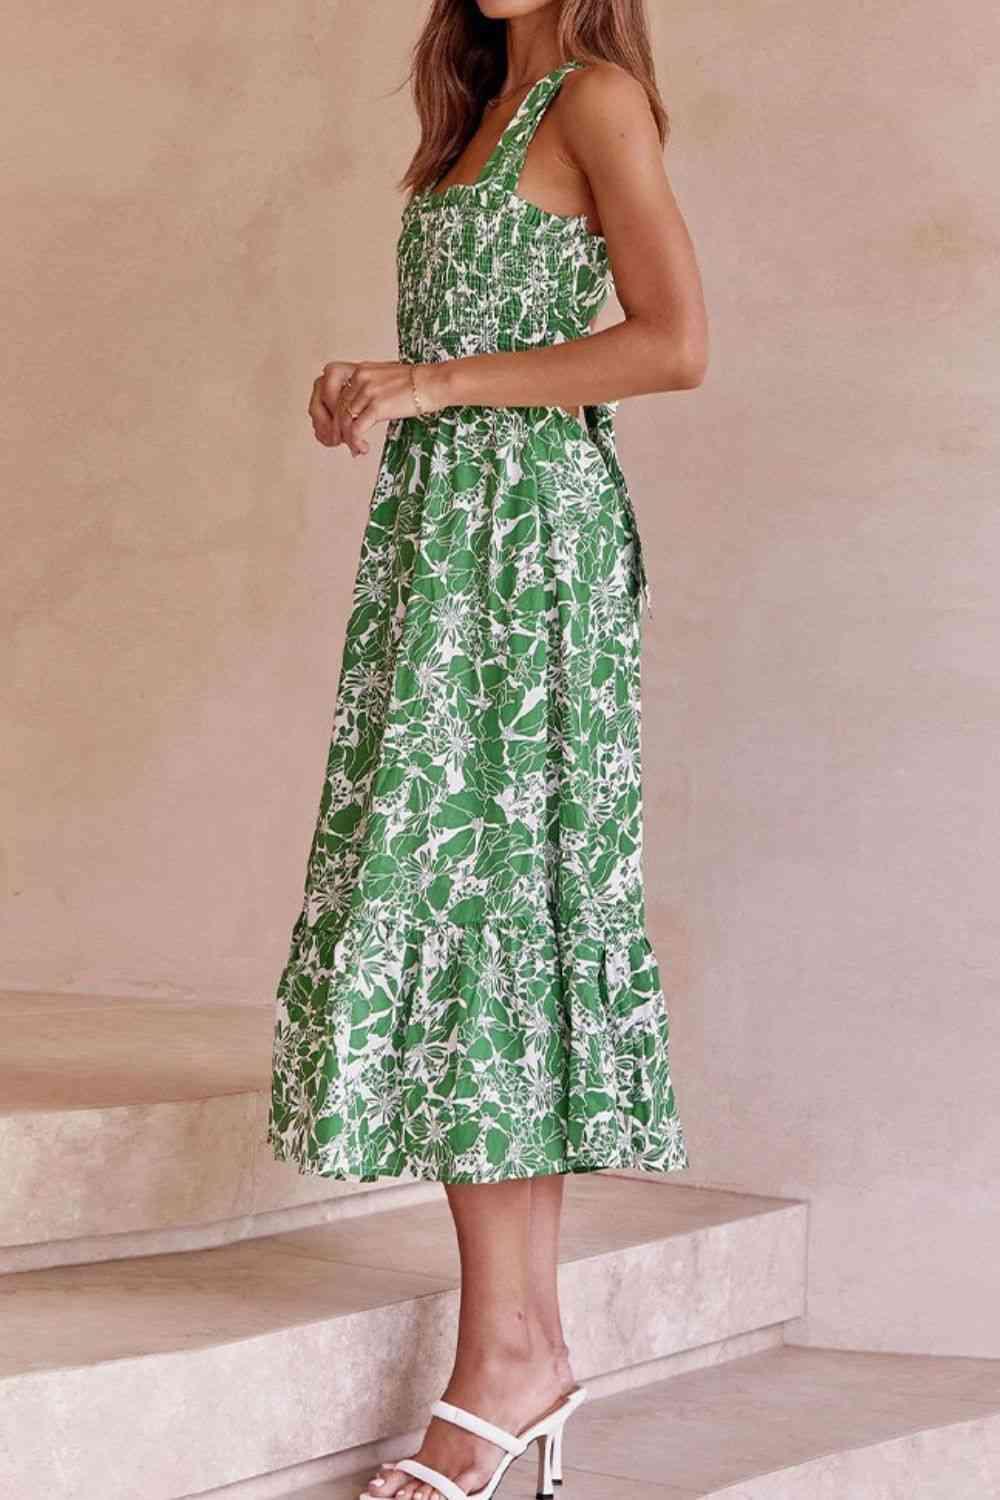 a woman in a green dress standing on steps
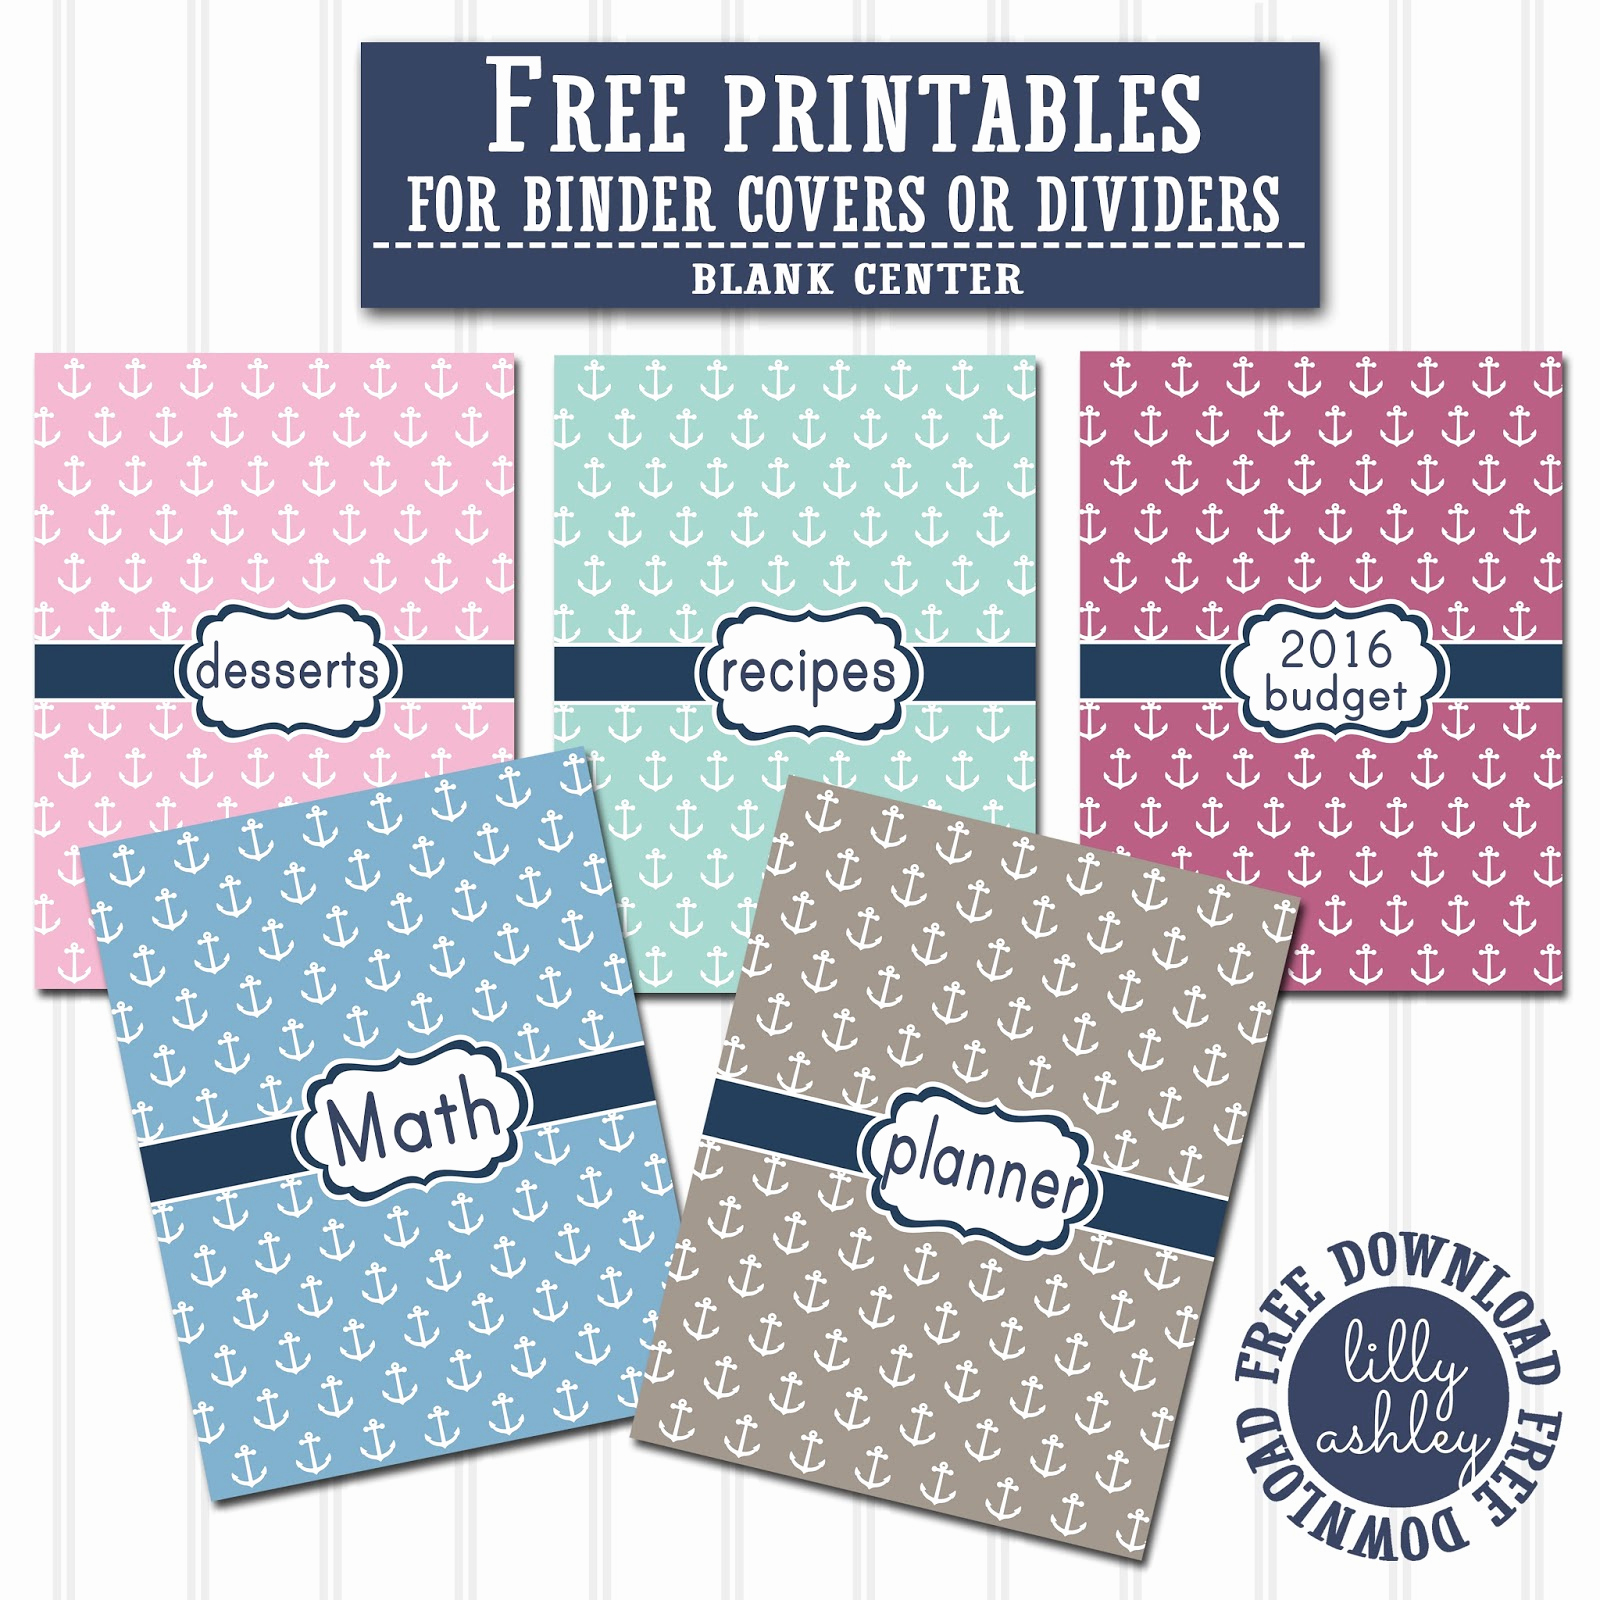 Free Printable Binder Covers New Make It Create by Lillyashley Freebie Downloads Free
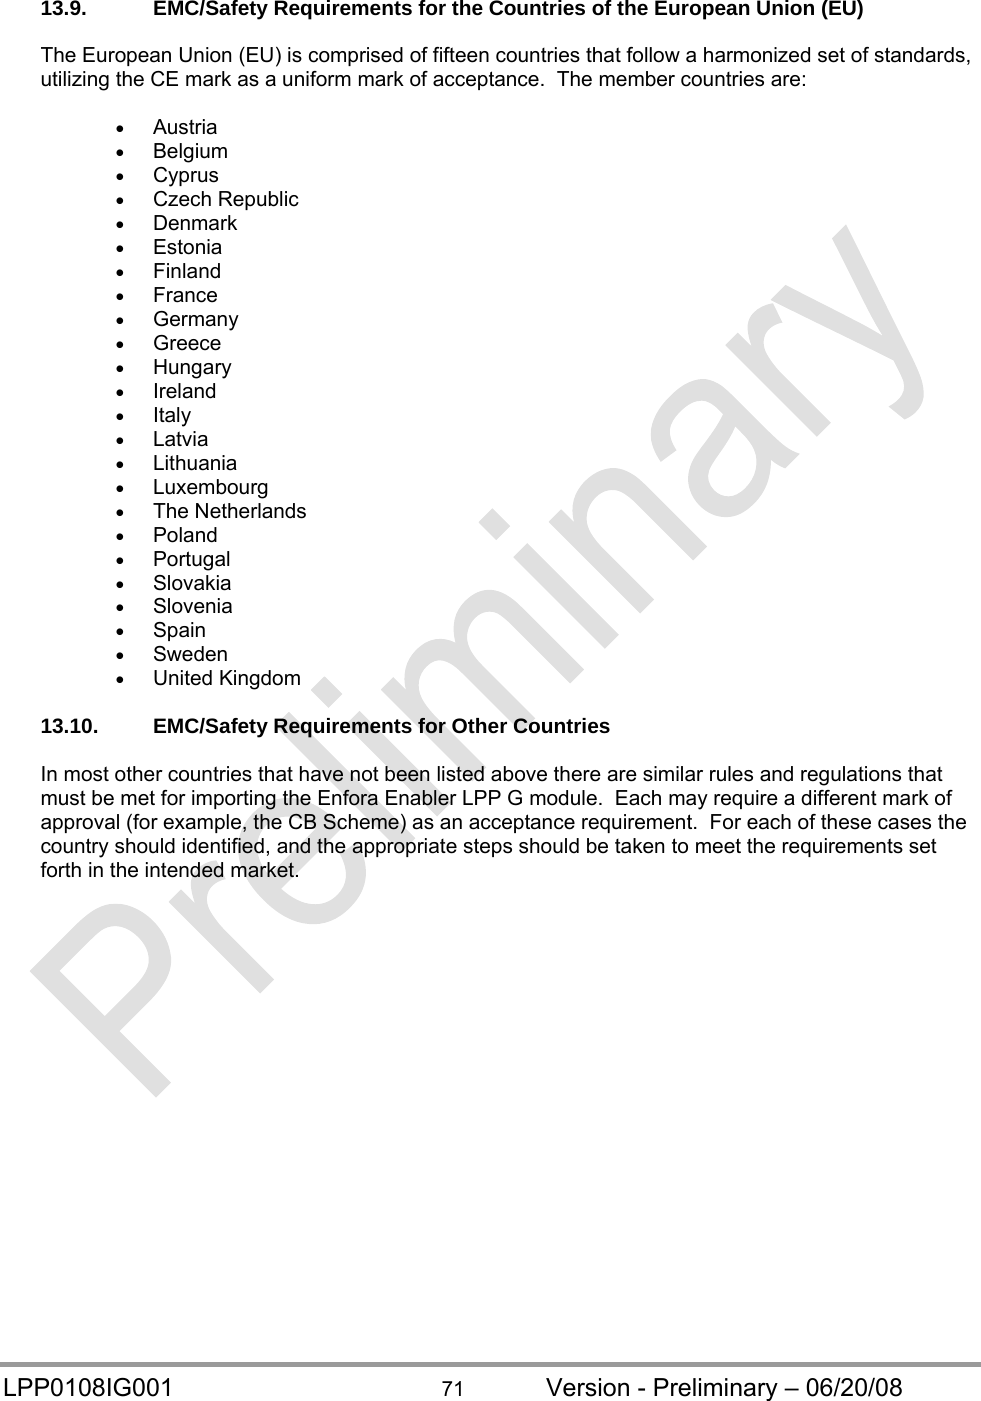  LPP0108IG001  71  Version - Preliminary – 06/20/08 13.9.  EMC/Safety Requirements for the Countries of the European Union (EU)  The European Union (EU) is comprised of fifteen countries that follow a harmonized set of standards, utilizing the CE mark as a uniform mark of acceptance.  The member countries are:   Austria  Belgium  Cyprus  Czech Republic  Denmark  Estonia  Finland  France  Germany  Greece  Hungary  Ireland  Italy  Latvia  Lithuania  Luxembourg  The Netherlands  Poland  Portugal  Slovakia  Slovenia  Spain  Sweden  United Kingdom  13.10. EMC/Safety Requirements for Other Countries  In most other countries that have not been listed above there are similar rules and regulations that must be met for importing the Enfora Enabler LPP G module.  Each may require a different mark of approval (for example, the CB Scheme) as an acceptance requirement.  For each of these cases the country should identified, and the appropriate steps should be taken to meet the requirements set forth in the intended market.

- _Task goal_:
Please retype the material in full, exactly as it reads, apart from the images.

- _Answer below_:
 a woman in a green dress standing on steps
 Free Printable Binder Covers New Make It Create by Lillyashley Freebie Downloads Free
  LPP0108IG001  71  Version - Preliminary – 06/20/08 13.9.  EMC/Safety Requirements for the Countries of the European Union (EU)  The European Union (EU) is comprised of fifteen countries that follow a harmonized set of standards, utilizing the CE mark as a uniform mark of acceptance.  The member countries are:   Austria  Belgium  Cyprus  Czech Republic  Denmark  Estonia  Finland  France  Germany  Greece  Hungary  Ireland  Italy  Latvia  Lithuania  Luxembourg  The Netherlands  Poland  Portugal  Slovakia  Slovenia  Spain  Sweden  United Kingdom  13.10. EMC/Safety Requirements for Other Countries  In most other countries that have not been listed above there are similar rules and regulations that must be met for importing the Enfora Enabler LPP G module.  Each may require a different mark of approval (for example, the CB Scheme) as an acceptance requirement.  For each of these cases the country should identified, and the appropriate steps should be taken to meet the requirements set forth in the intended market.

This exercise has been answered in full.